Find "Easter Bunny and students slide together!" in the listing below, then set down only that line and each later line, unchanged, leaving out pictures.

THE RECORDS:
'''
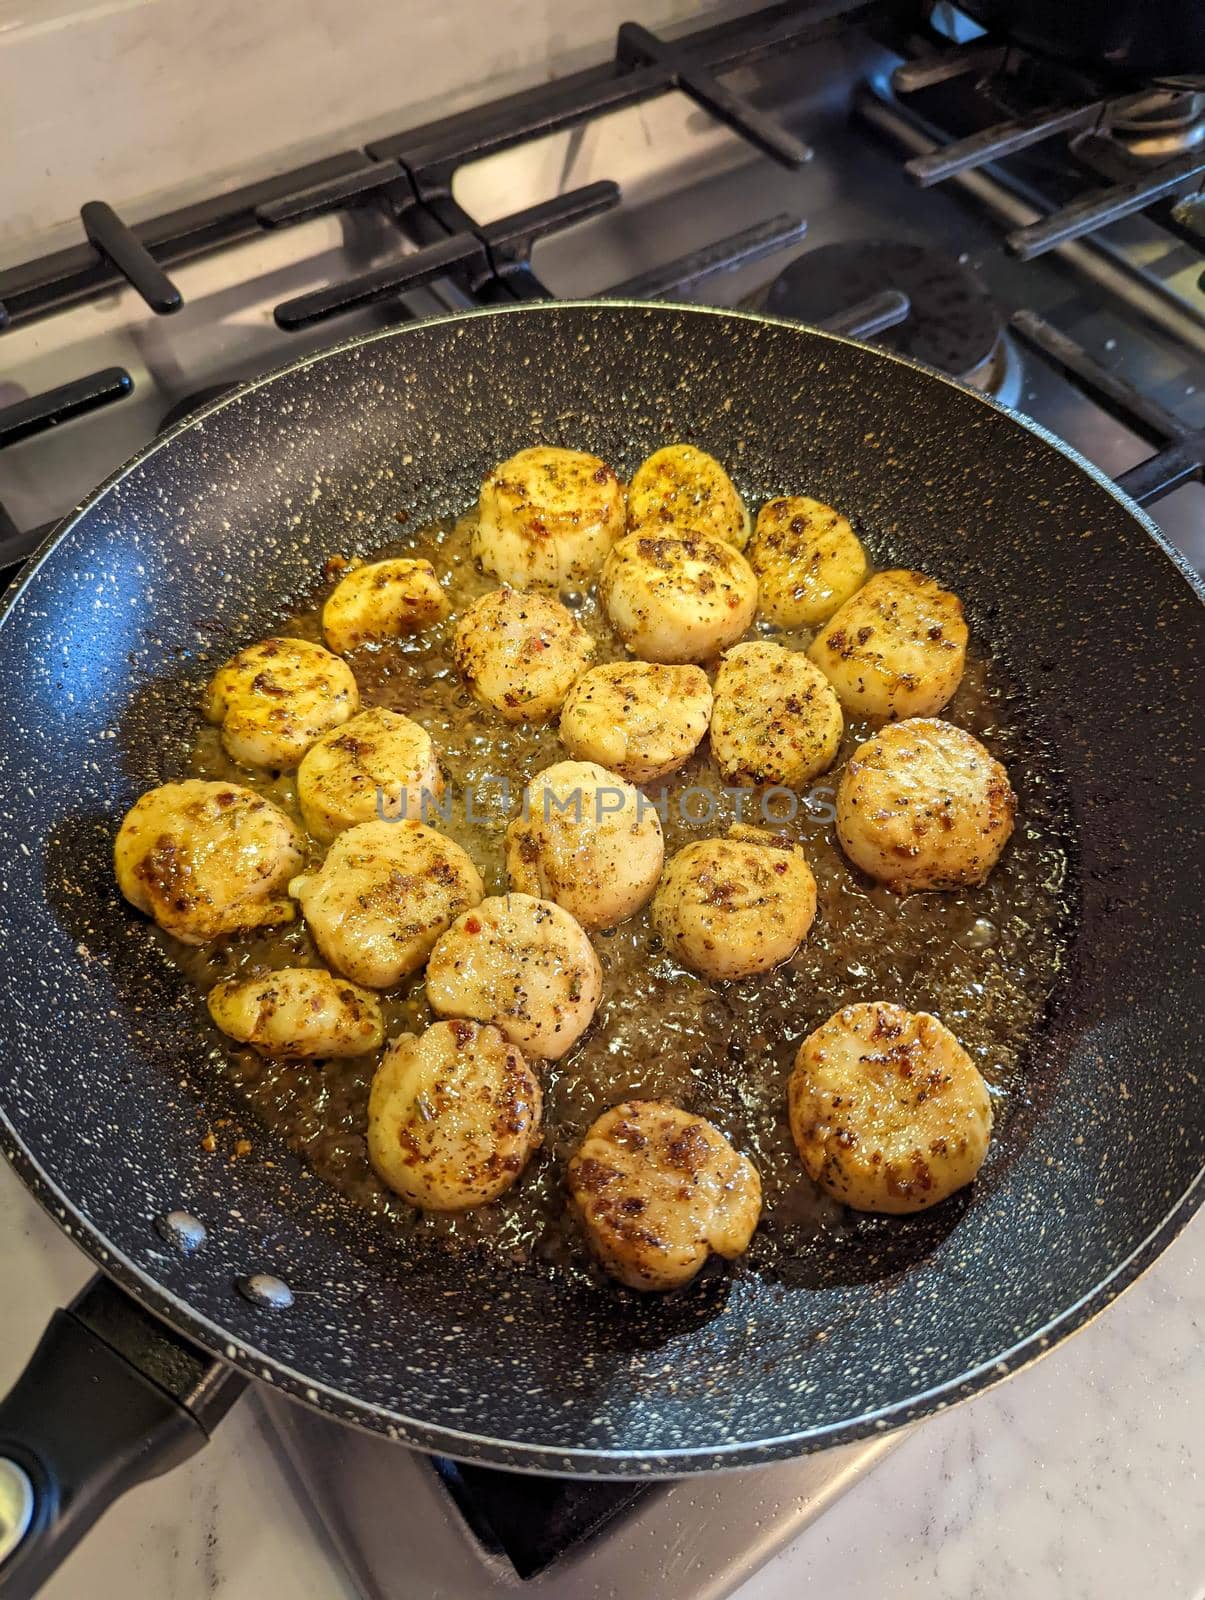 Fried scallops with butter and garlic sauce
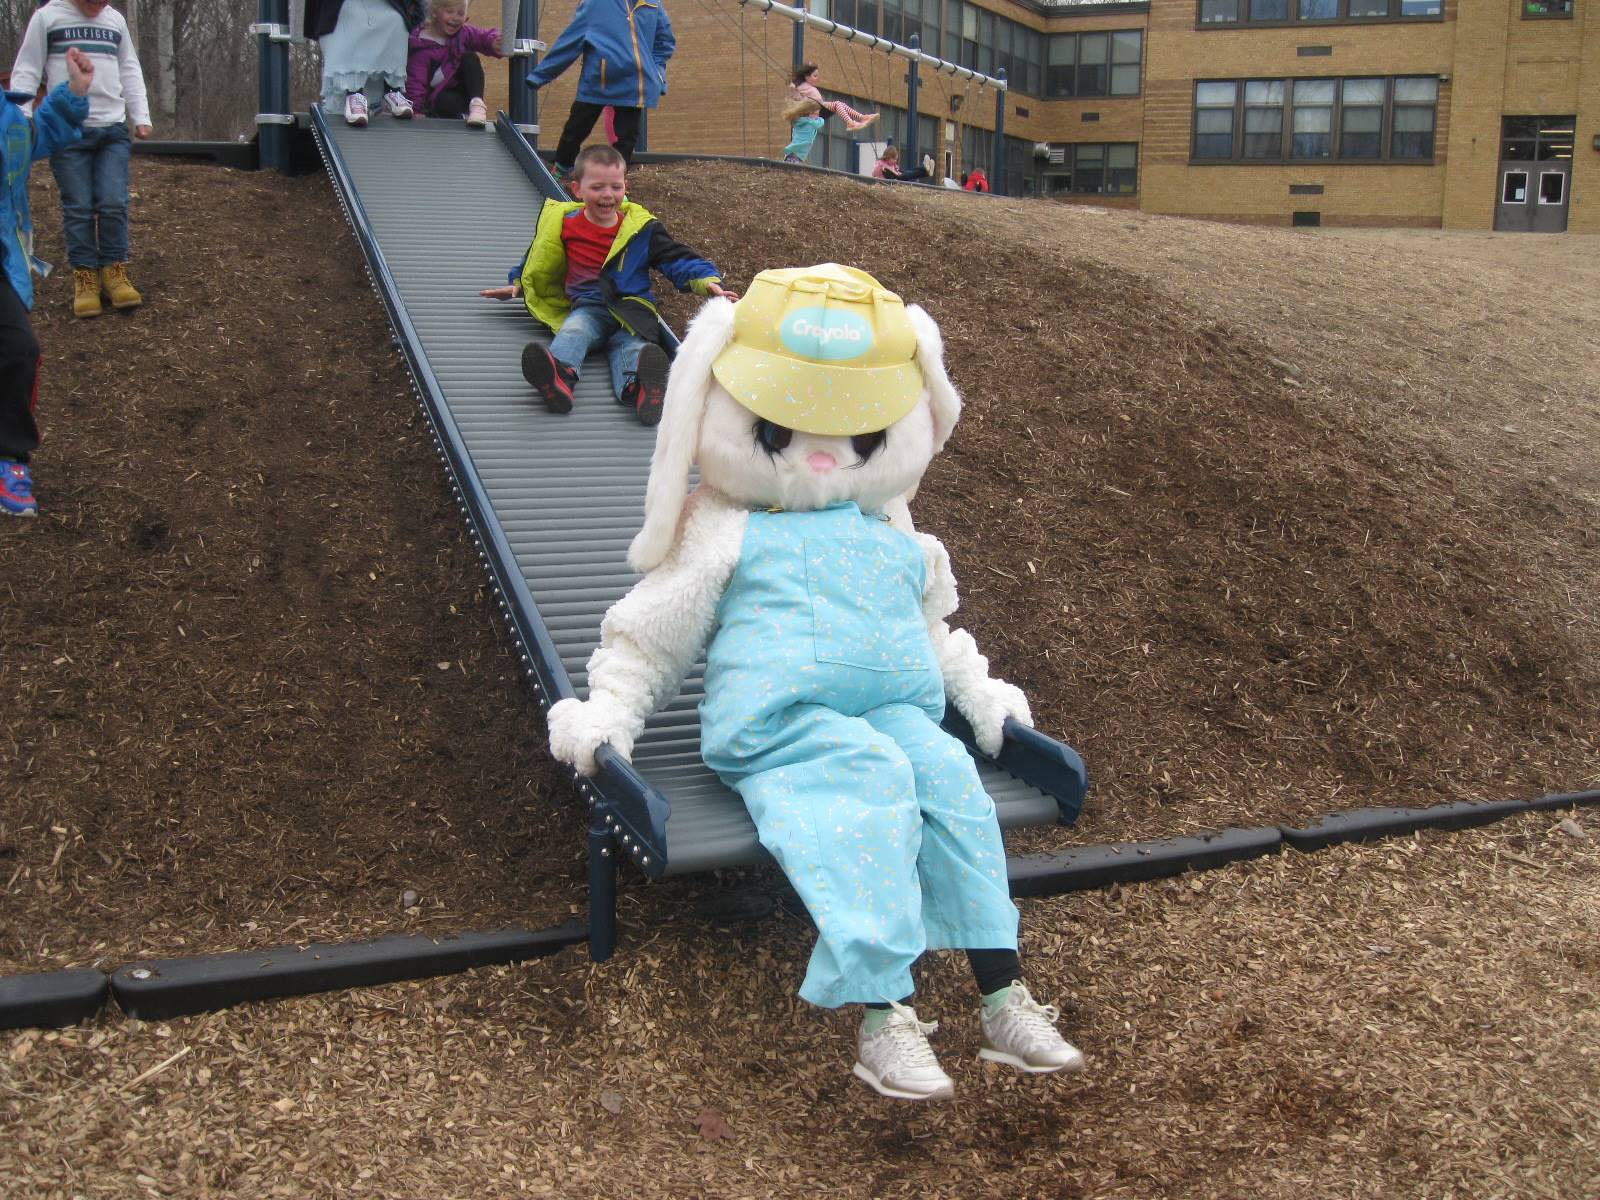 Easter Bunny and students slide together!
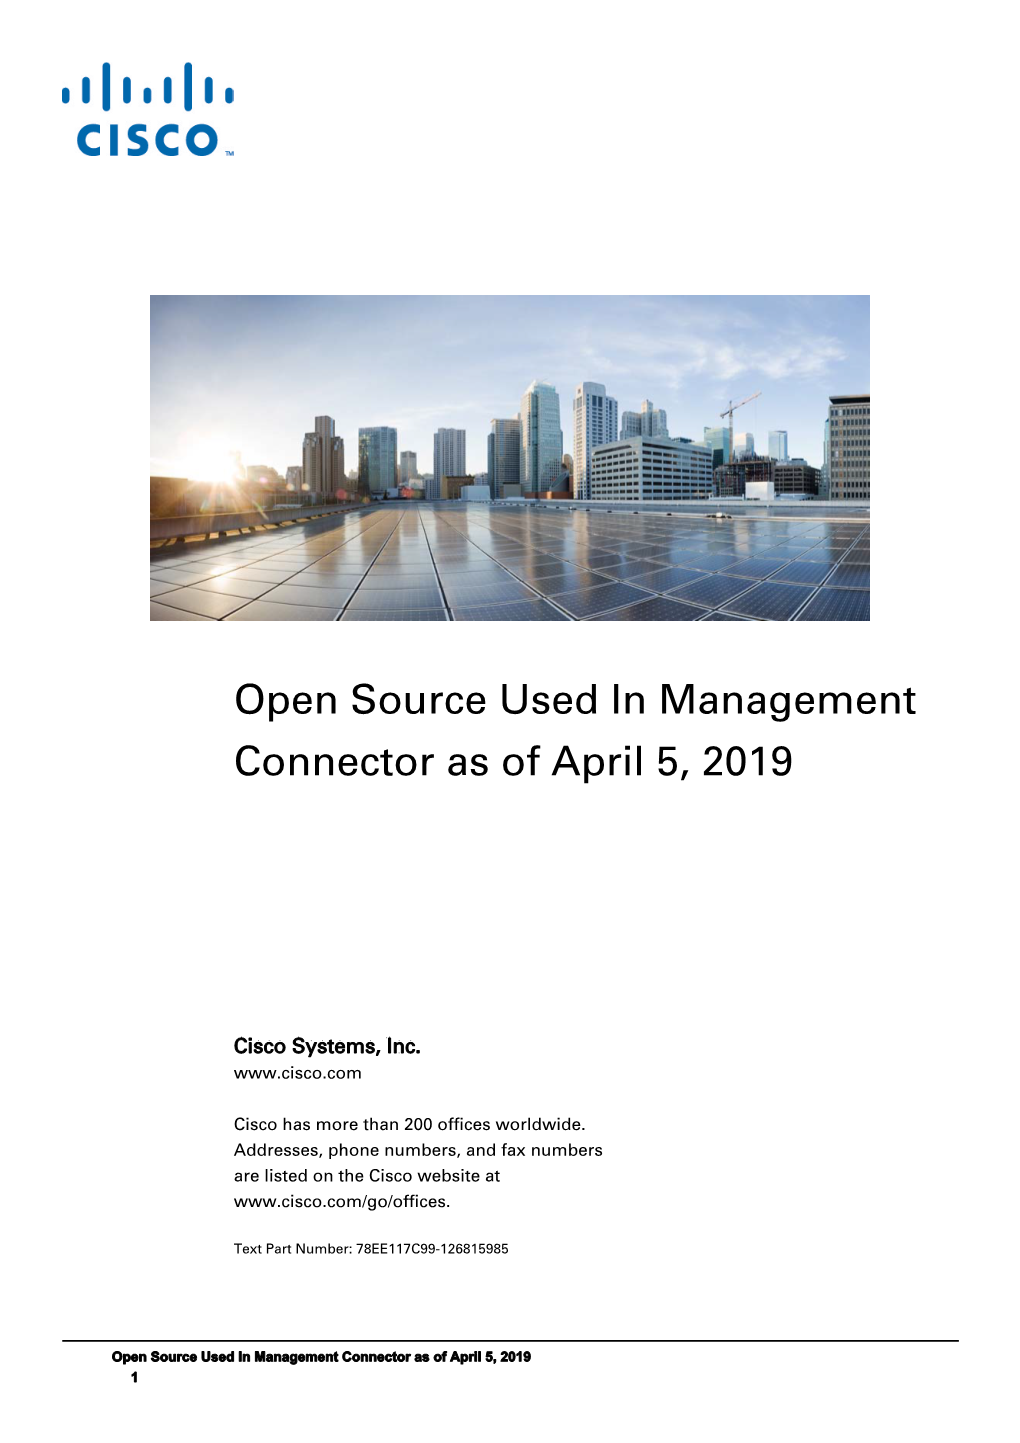 Open Source Used in Management Connector As of April 5, 2019
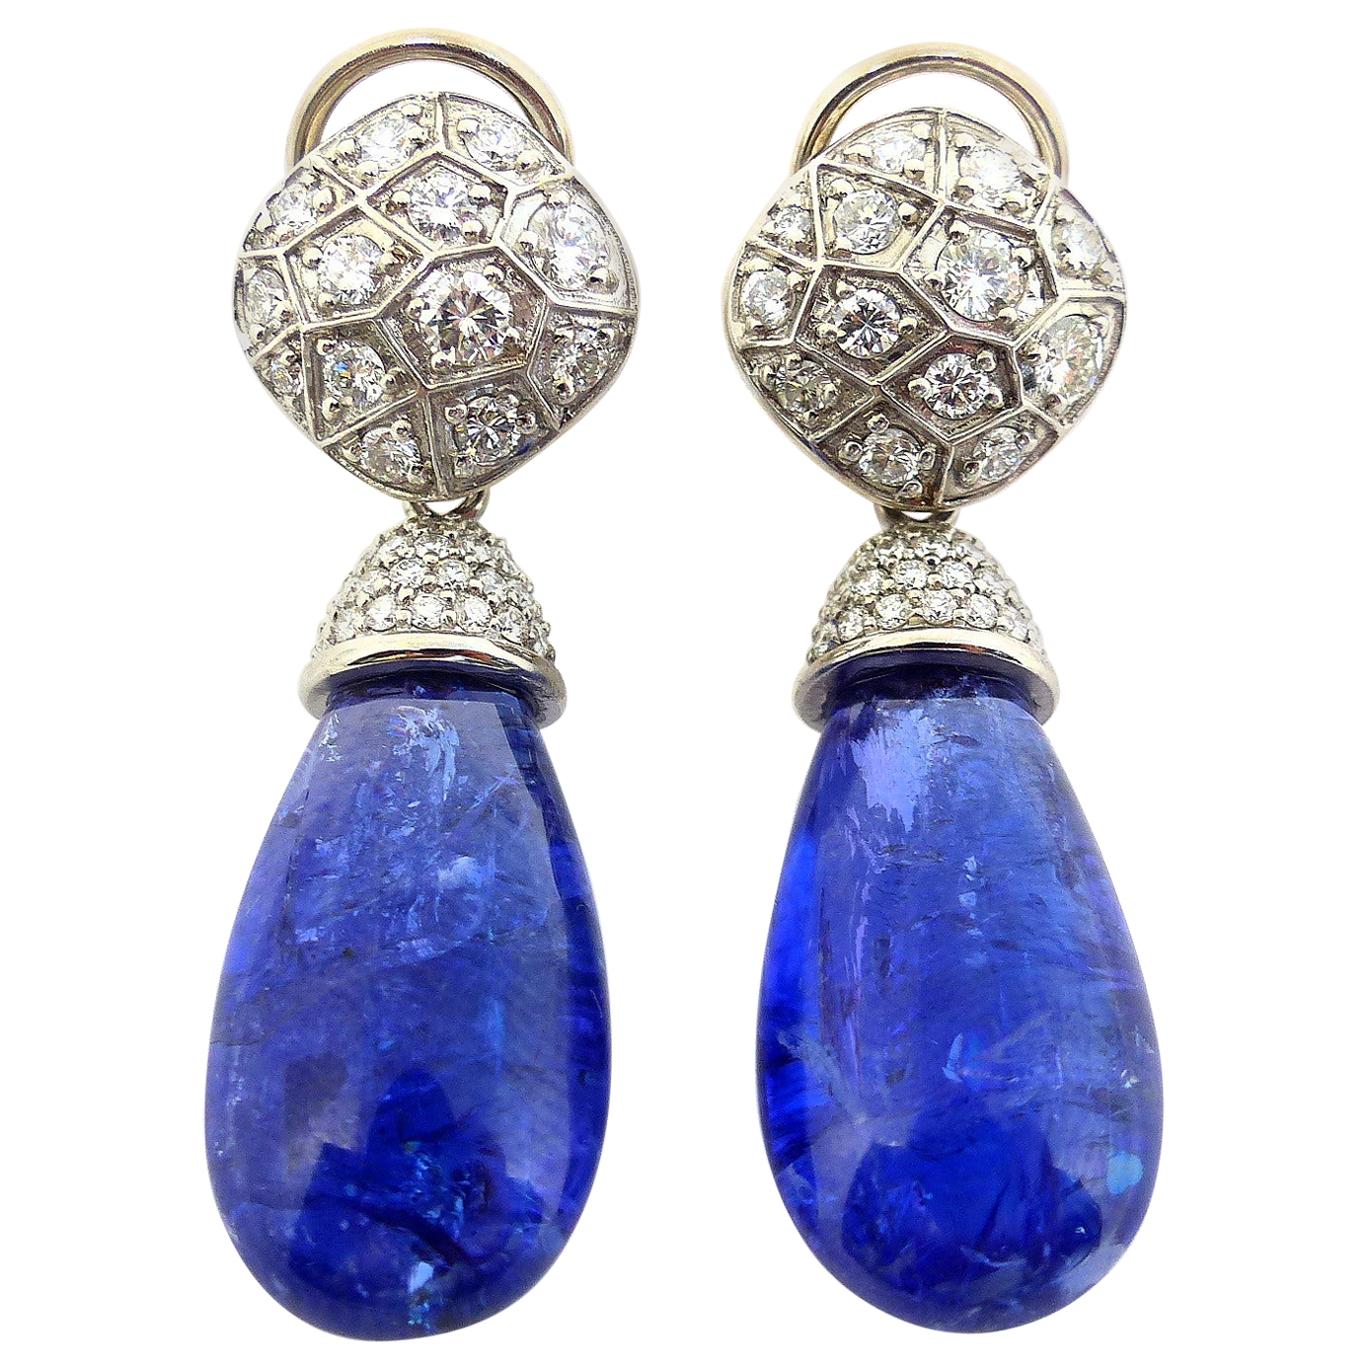 Earrings in White Gold with 2 Tanzanite Brioletts 41, 11ct. and Diamonds. For Sale
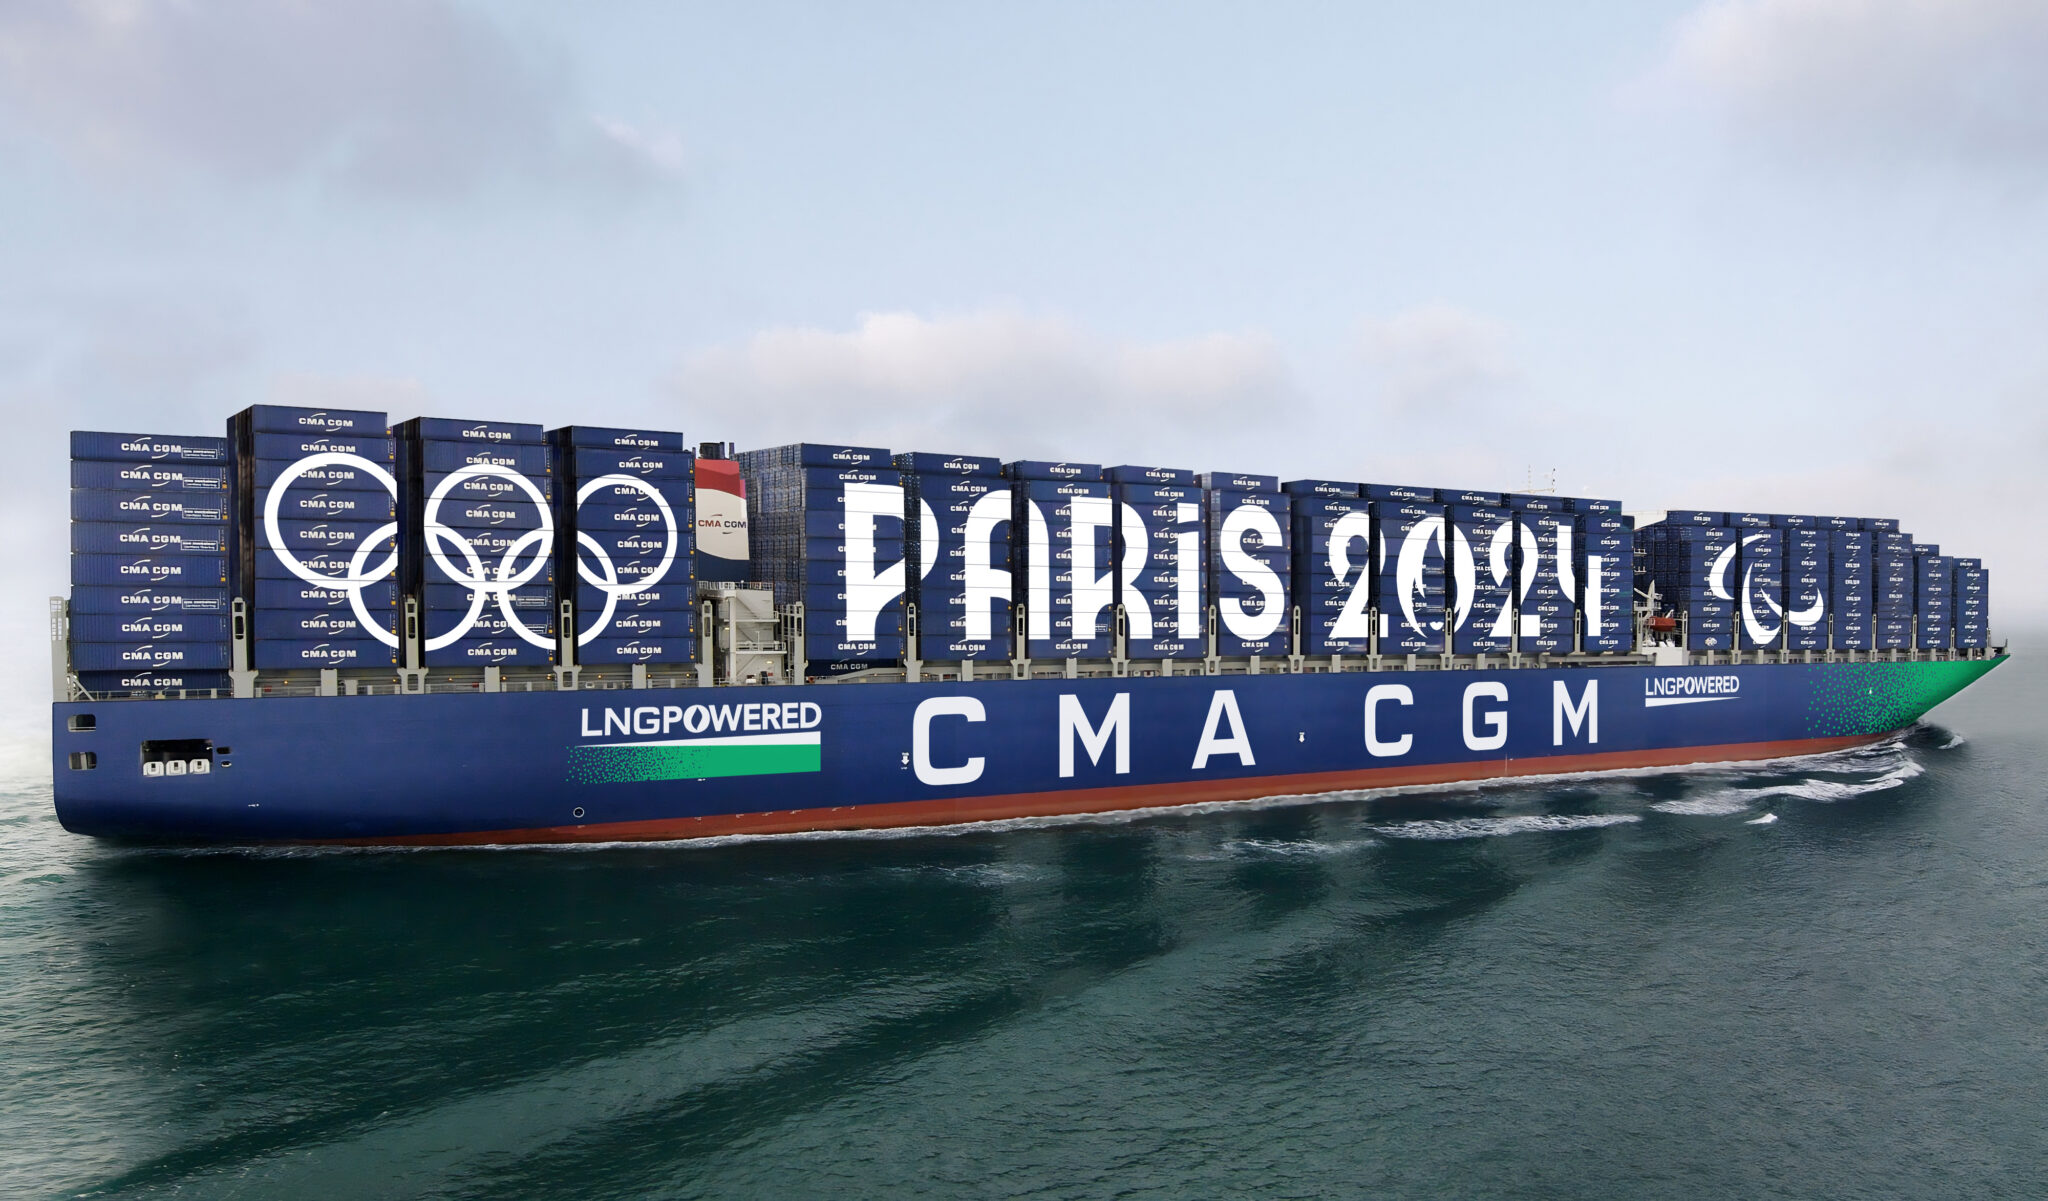 container-ship-in-marseille-welcomes-olympic-flame
'''
RESPONSE AREA:
 Easter Bunny and students slide together!
 Open Source Used in Management Connector As of April 5, 2019
 Earrings in White Gold with 2 Tanzanite Brioletts 41, 11ct. and Diamonds. For Sale
 container-ship-in-marseille-welcomes-olympic-flame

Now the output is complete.